Men who have had a heart attack may avoid sex for fear it will trigger another attack, even if the chances of that occurring are practically nil. “The fear is always at the back of their minds,” says Dr. Bryan Villar, family medicine chair at Milford Memorial Hospital.
Does turning 50 mean an end to quality time under the sheets? Hardly.
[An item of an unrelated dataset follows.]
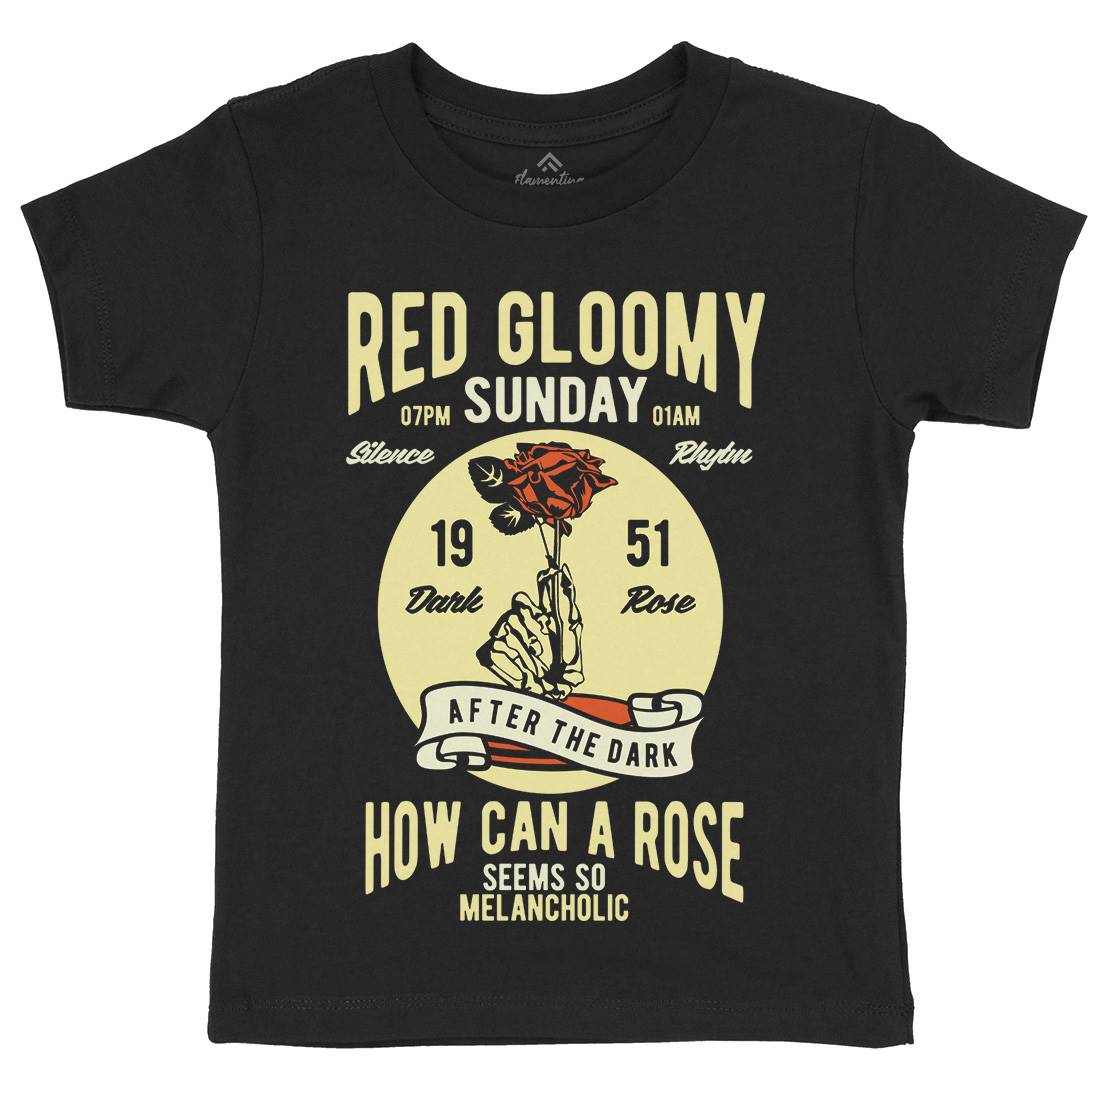 Red Gloomy Sunday Kids Organic Crew Neck T-Shirt Retro B437
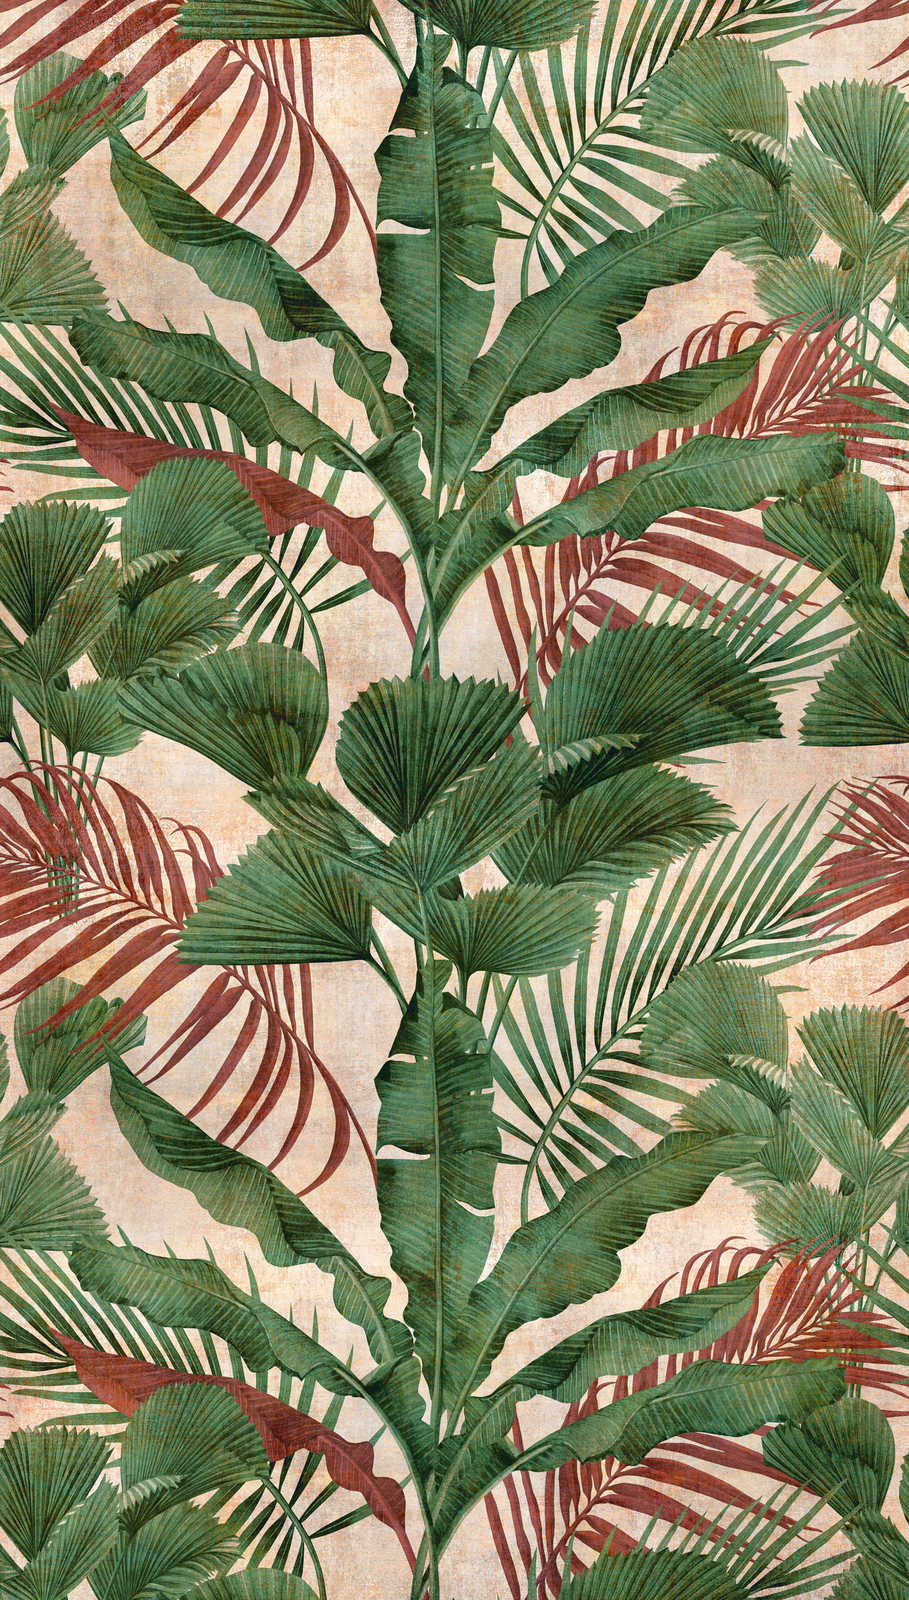             Carta da parati Jungle con piante tropicali - verde, beige, rosso

Many older adults retain their ability to enjoy sex well into old age.
“The belief that because they’ve reached menopause their sexual life is finished is not necessarily true,” says Moise. “I have patients in their 70s and 80s who are sexually active on a regular basis once or twice a week.”
Experts stress that women—and their partners—need to know what happens to their libidos and bodies as they age and to embrace these changes as normal and natural.
“I think the media plays a role,” says Fan. “A lot of patients come in thinking there’s something wrong, that it’s a disease and we should have a cure for it.”
But many women find menopause to be a liberating experience—one that frees them to be more creative and to rethink their options. “A lot of women feel that that’s their second peak sexually when they get into menopause and lose those associated stresses,” says Whitney. “The minor physical aspects of it can be addressed really quickly and easily.”
Moreover, the hormonal changes that occur with age can bring a couple into a kind of sexual synchronization. “As men age they become better lovers because they slow down,” says Laino. “The act takes longer now and couples are closer to each another with respect to climaxing—if they climax.”